Currently, we set penalty='l1' in define_model(), to get the implementation of LASSO (or L1-regularized Logistic Regression). But one could also choose another penalty term or treat its selection as a hyperparameter, see HowTo: Adjust existing prediction models and their hyperparameters.

Furthermore, Elastic Net is implemented in a separate file containing very similar code to enable a comparison of Elastic Net and LASSO regression. Its implementation can be found in elasticnet.py.

Regularized logistic regression for discrete traits

In contrast to linear regression that is applied for regression tasks (continuous traits), logistic regression is used for classification (discrete traits). Logistic regression applies the logistic function to the linear combination of the features and weights to get probability scores and assign a discrete label. The same penalty terms as for regularized linear regression (L1, L2 and Elastic Net) are often included in the cost function that is optimized during training, with similar effects as described above.

We implemented regularized logistic regression in the same classes as linear regression (see linearregression.py and elasticnet.py) and switch between both based on the machine learning task that was detected by easyPheno (see if self.task == 'classification': ... else: ... in the code block above).

References

  1. Hastie, T., Tibshirani, R., & Friedman, J. H. (2009). The elements of statistical learning: data mining, inference, and prediction. 2nd ed. New York, Springer.

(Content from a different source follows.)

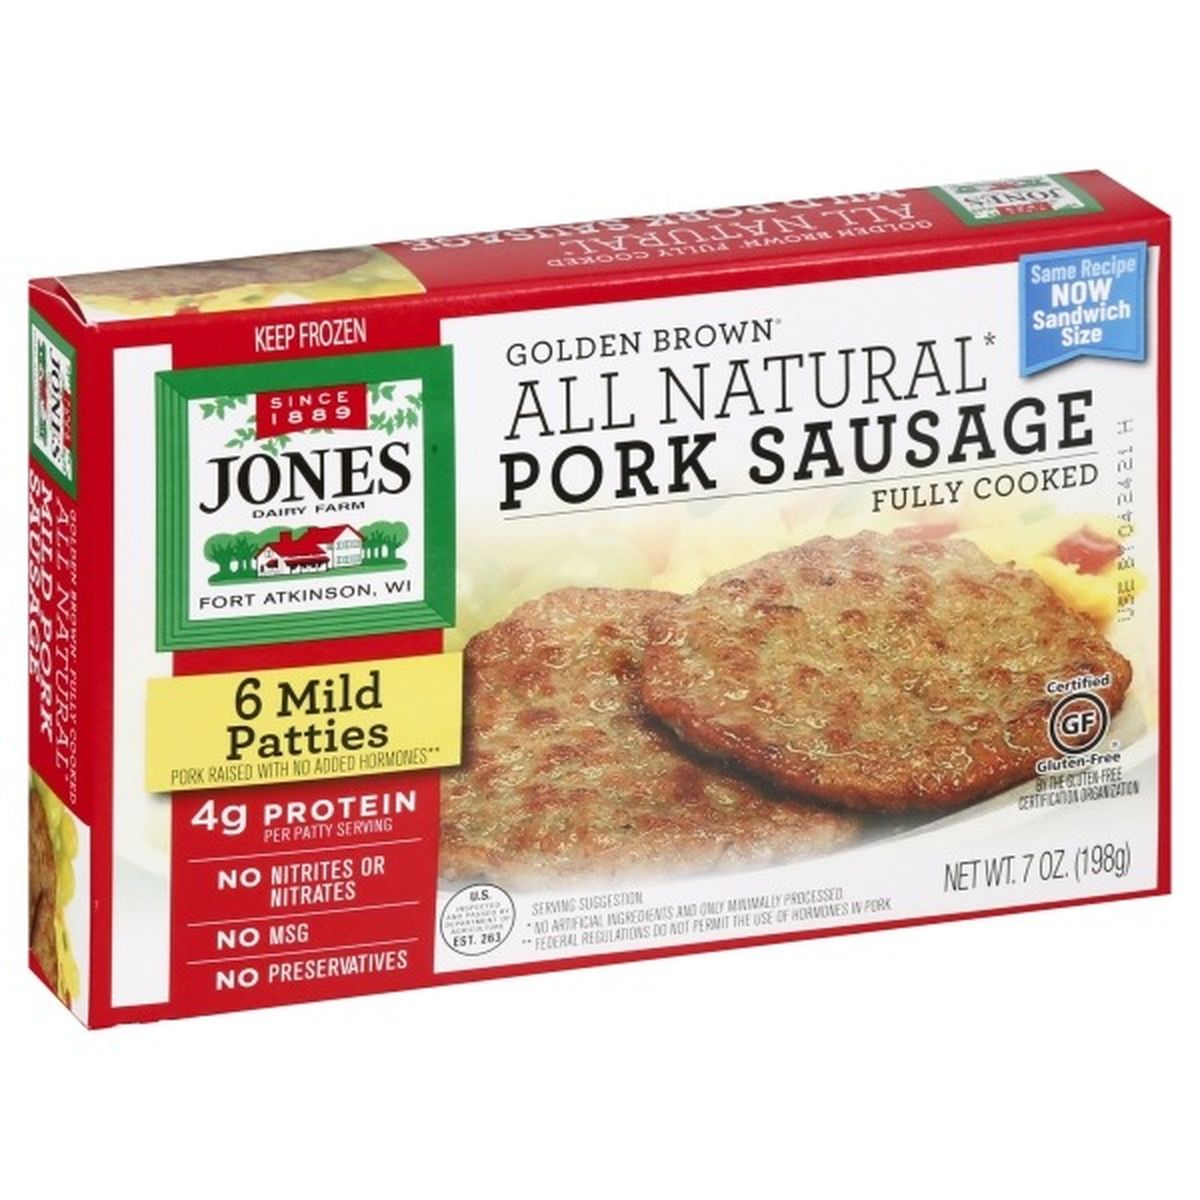 Calories in Jones Dairy Farm Golden Brown Pork Sausage Patties, Mild, Sandwich Size

  2. Tibshirani, R. (1996). Regression shrinkage and selection via the lasso. Journal of the Royal Statistical Society: Series B (Methodological), 58(1), 267–288.

  3. Zou, H. and Hastie, T. (2005). Regularization and variable selection via the elastic net. Journal of the Royal Statistical Society, Series B, 67, 301–320.

  4. Pedregosa, F. et al. (2011). Scikit-learn: Machine learning in Python. Journal of Machine Learning Research, 12, 2825–2830.